Меня отец Иван встретил далеко не приветливо.
— Поздно, поздно отца-то вспомнил! — сказал он мне сурово. — Видно, мертвые-то подождут, сперва с живыми похороводиться нужно…
— Я был уже у отца на могиле не раз, — ответил я.
— Так рубля, что ли, жаль было панихиду-то отслужить? — проворчал он.
Потом, сурово взглянув на меня, заметил:
— Тоже и не похвалил бы отец-то за то, как живешь! Вы, бары, пример должны подавать народу, а не так жить, что самим на свет стыдно смотреть… Губители вы, душами-то христианскими, как бабками играете: сшиб одну — хорошо, сшиб пяток — еще лучше… Душегубцы!..
Я молчал и торопился дойти до могилы отца, чтобы скорее началась панихида. Я чувствовал, что если я заговорю с отцом Иваном, то ни он не поймет меня, ни я не пойму его. Его брань можно было только слушать, признавая ее вполне заслуженною, или самому браниться с ним, не признавая вовсе ни его самого, ни его воззрений.
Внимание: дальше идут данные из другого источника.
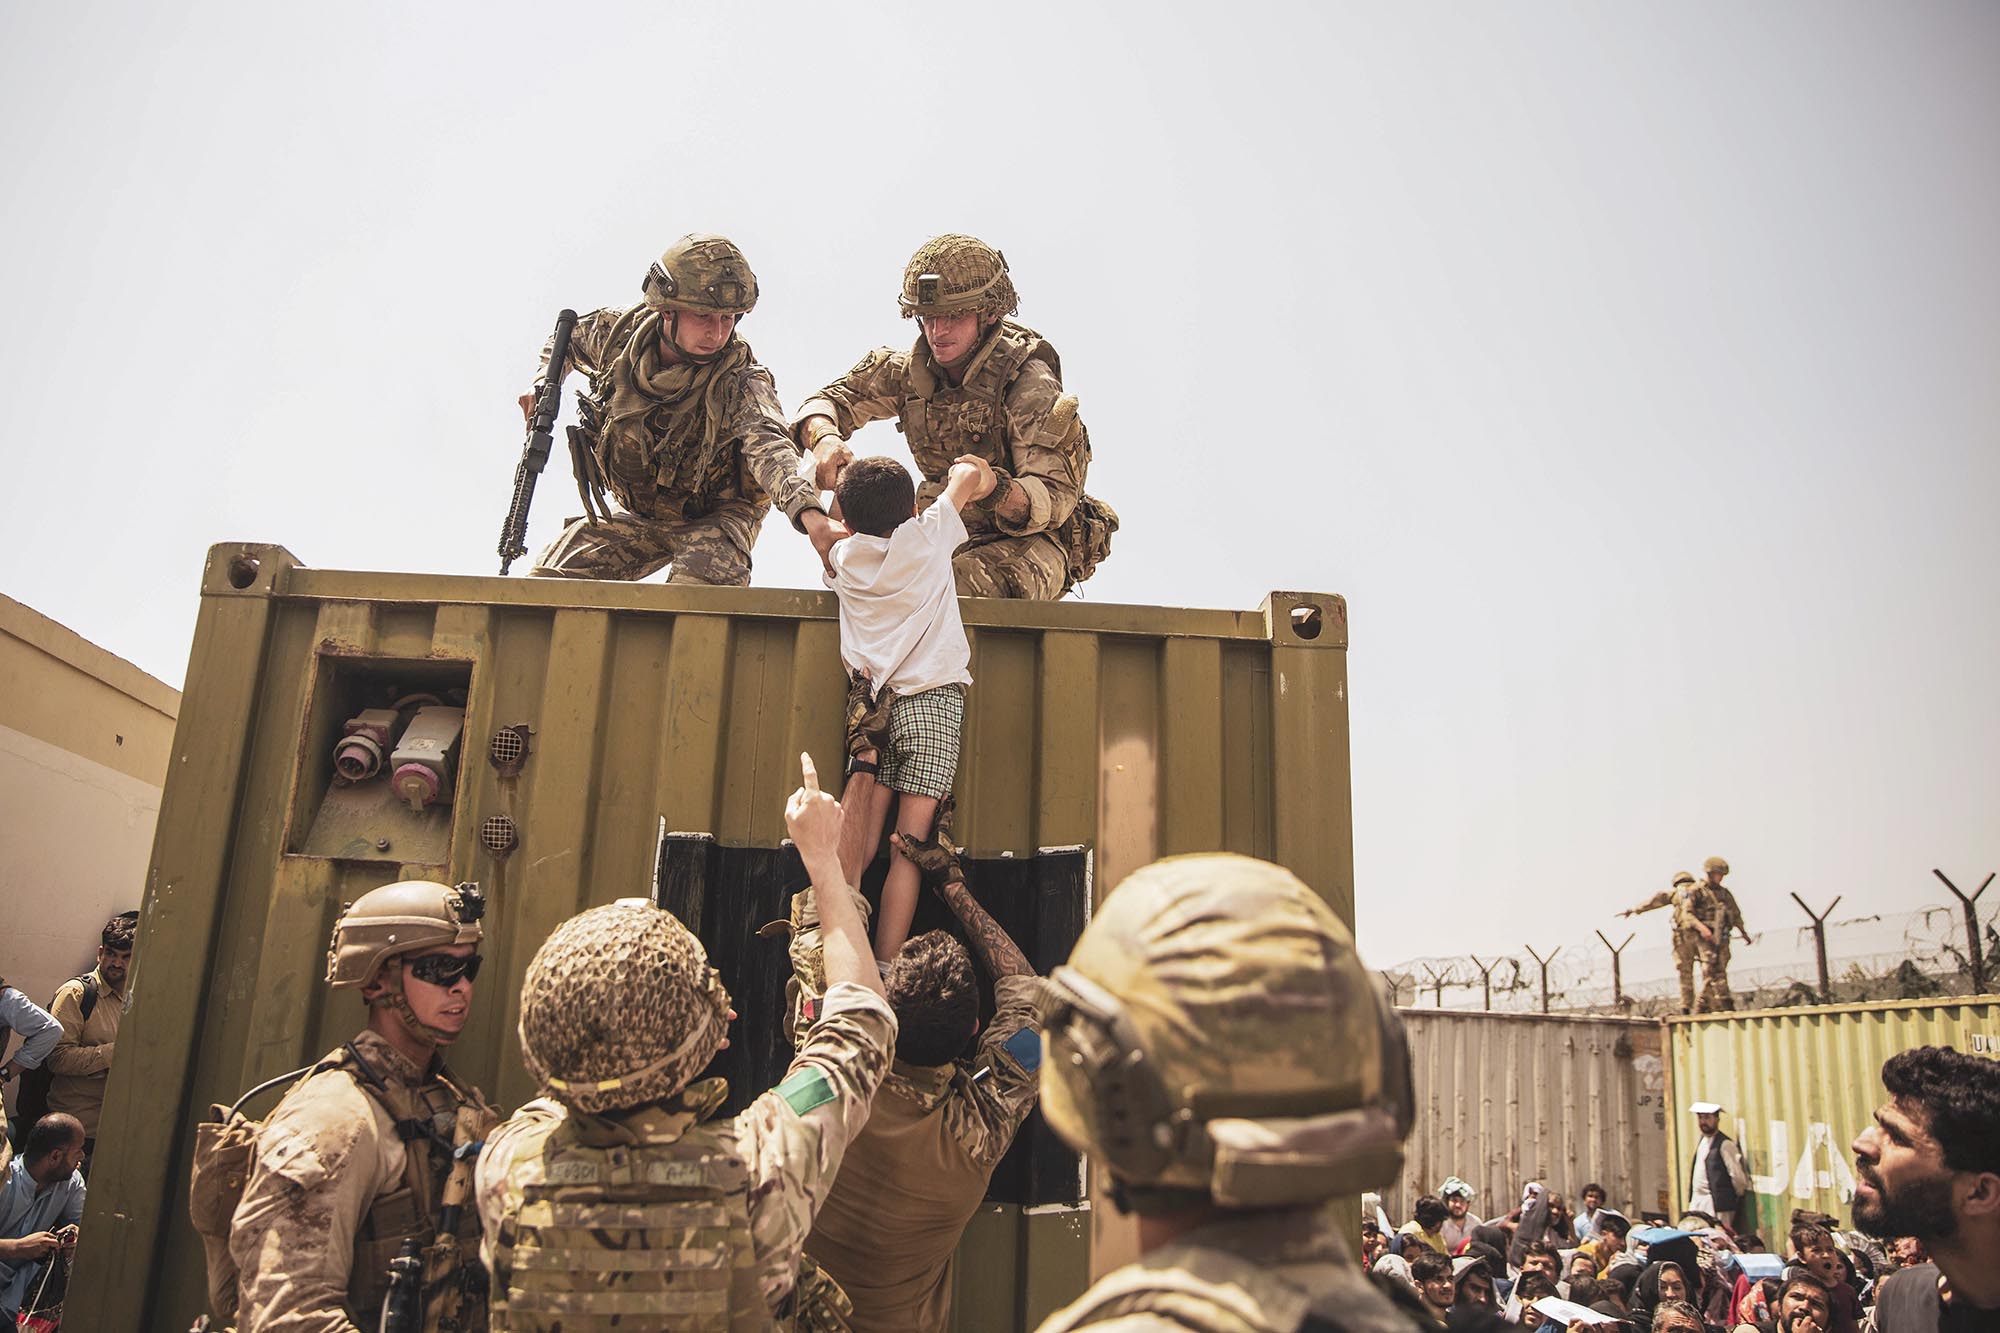 US Marines pull a small child up onto a metal building with them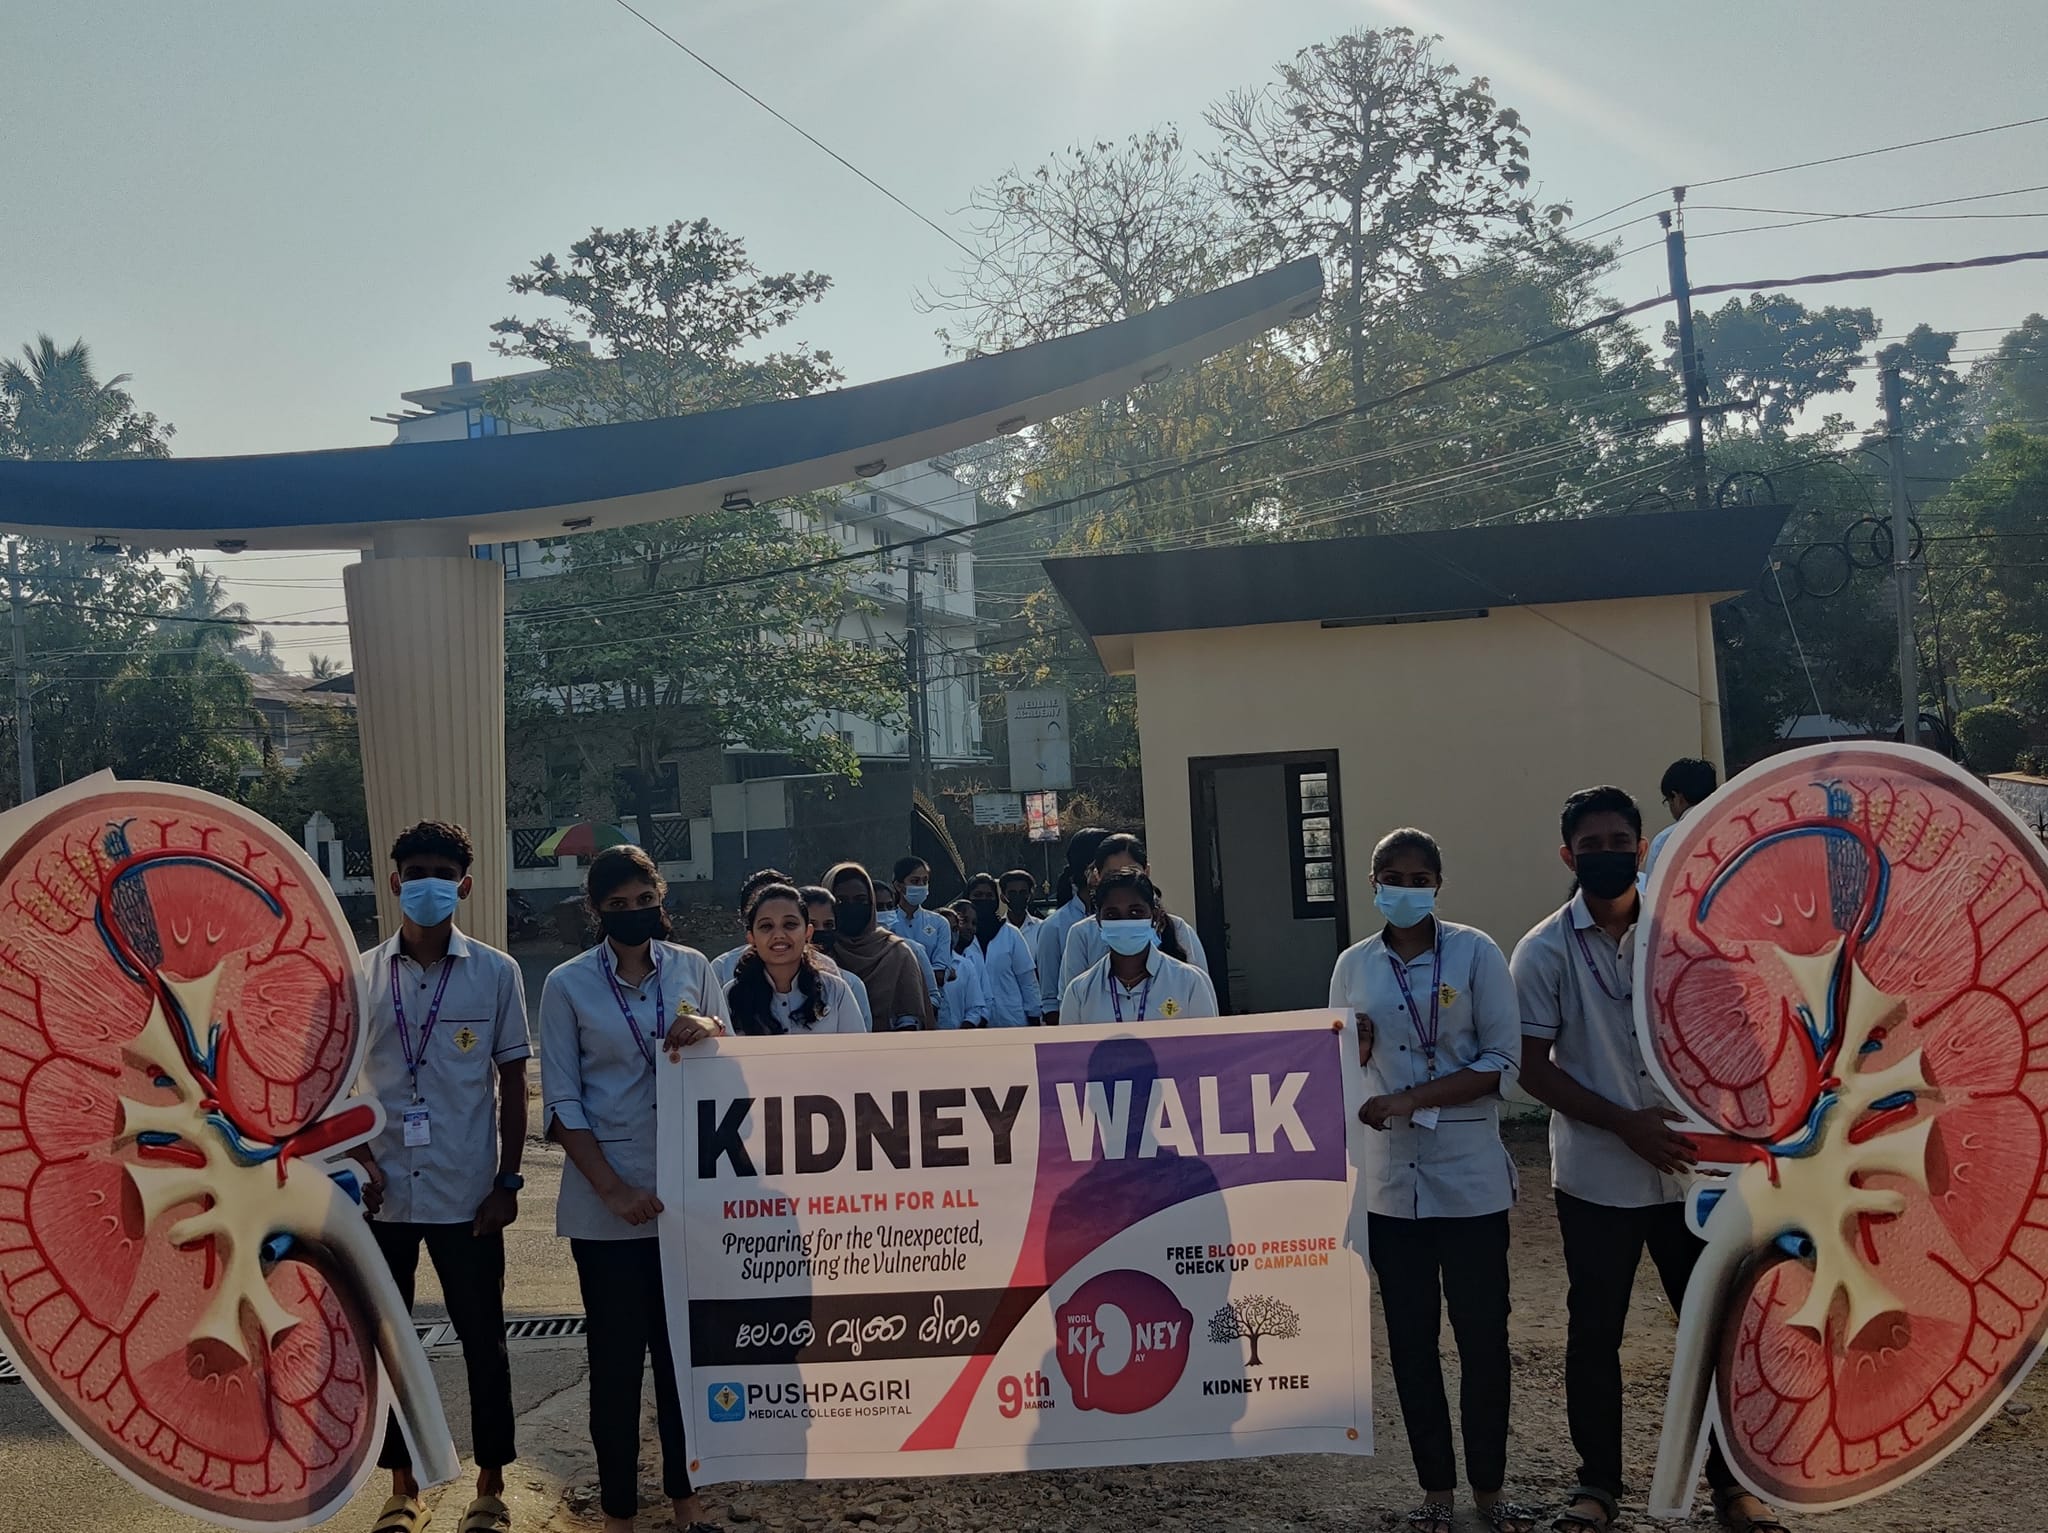 awareness about kidneys and kidney diseases

Это фанатик, с которым нельзя спорить, совещаться. Отслужив панихиду и увидав на моих глазах слезы, он проговорил:
— Да, вот и кайся, кайся! Да грех-то свой загладь. Слезы-то — вода; греха ими не загладишь. Что, поди, ребенка скоро приживешь со своей любовницей? Что ж, так он и будет незаконным…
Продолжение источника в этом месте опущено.